For many years the island’s local captains used the weigh scale methods that the PTTS is using now. They gaffed the fish and would toss them up on the beach in a long line.
But they stopped using those methods in the 1990s, after realizing what was happening to the fishery. Island tournaments now use a strict catch-and-release policy, and winners are determined by how many fish are caught.
This year the PTTS changed their methods for weighing and displaying their fish. Instead of holding the tarpon up at the scale, they are using a clear sling you can see through. They changed their line size from 40 to 50-pound test, which they said decreases the amount of time fighting the fish, and they have what they call “professional release” teams reviving the tarpon.
They are still dragging the tarpon from where they were actually caught to the scale, sometimes up to 800 yards or more through the water.
Markett said that, based on what he has read, there isn’t much difference between the mortality rate of tarpon caught with either method. He also believes that his fellow PTTS anglers take great care to keep their tarpon alive.
“Every tarpon must be alive when presented for weighing in order to be accepted and it must swim away after release,” he said. “Every team presenting a fish to be weighed is closely monitored to assure slowly bringing it in and not keeping the head out of the water.”
Markett said the majority of tarpon caught are DNA sampled and instantly released for points required to qualify for the team of the year and championship.

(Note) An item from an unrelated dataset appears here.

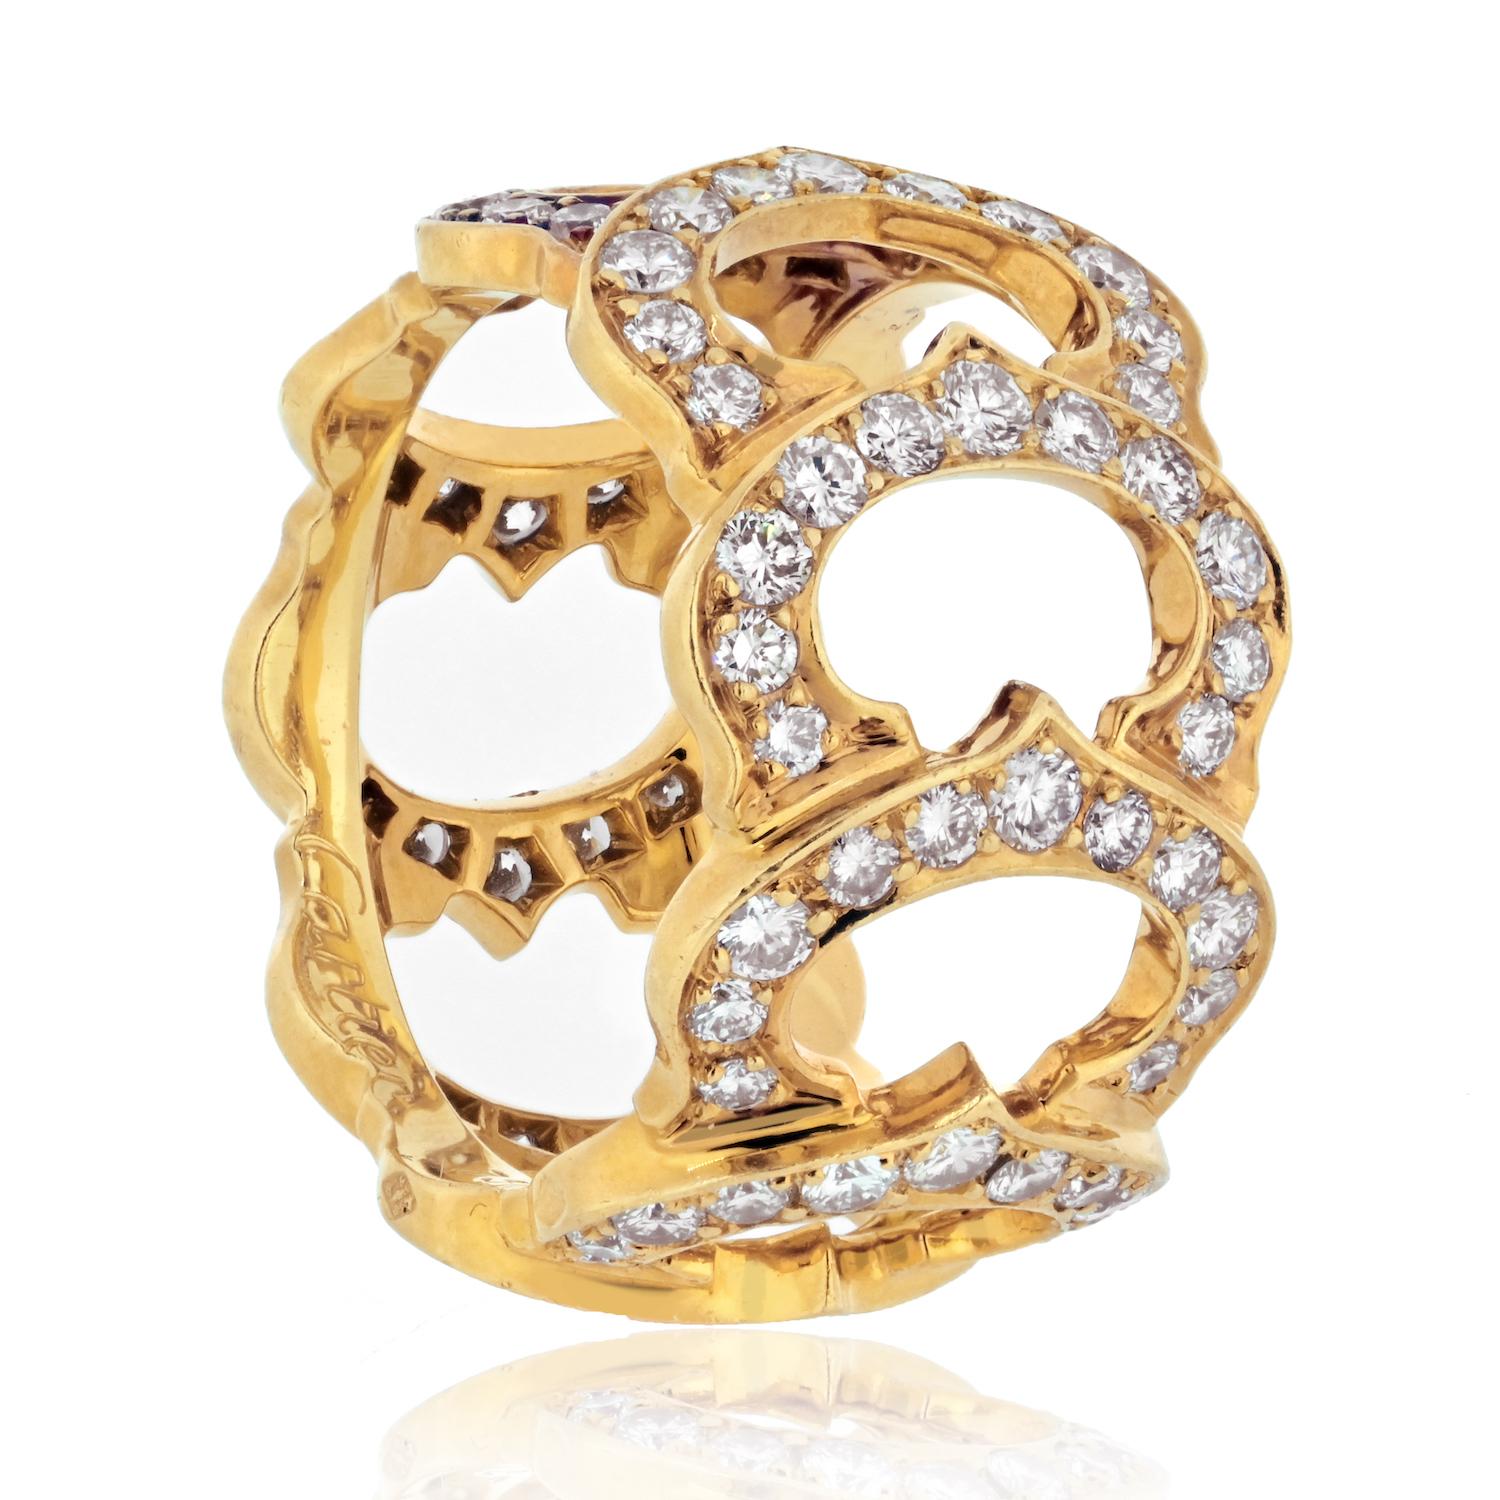 Der Ring C De Cartier aus 18-karätigem Gelbgold ist ein wahres Zeugnis für das Engagement der Marke für zeitlose Eleganz und außergewöhnliche Handwerkskunst. Dieser exquisite Ring im ikonischen

He also said that no fish were DNA sampled at the championship tournament on Sunday. The points normally accumulated during regular tournaments don’t apply in the championship.
The FWC has remained quiet on their position regarding tarpon conservation and the fishing methods employed by the PTTS anglers. They do maintain a presence at all the PTTS tournaments.
Recently an FWC spokersperson, Amanda Nalley, said that the FWC “does not condemn the event (PTTS tournaments), but does not back or support them in any way.”
She went on to state that the FWC is against “gaffing, dragging towing, removing a tarpon from the water or excessively handling the fish.” And so the debate continues.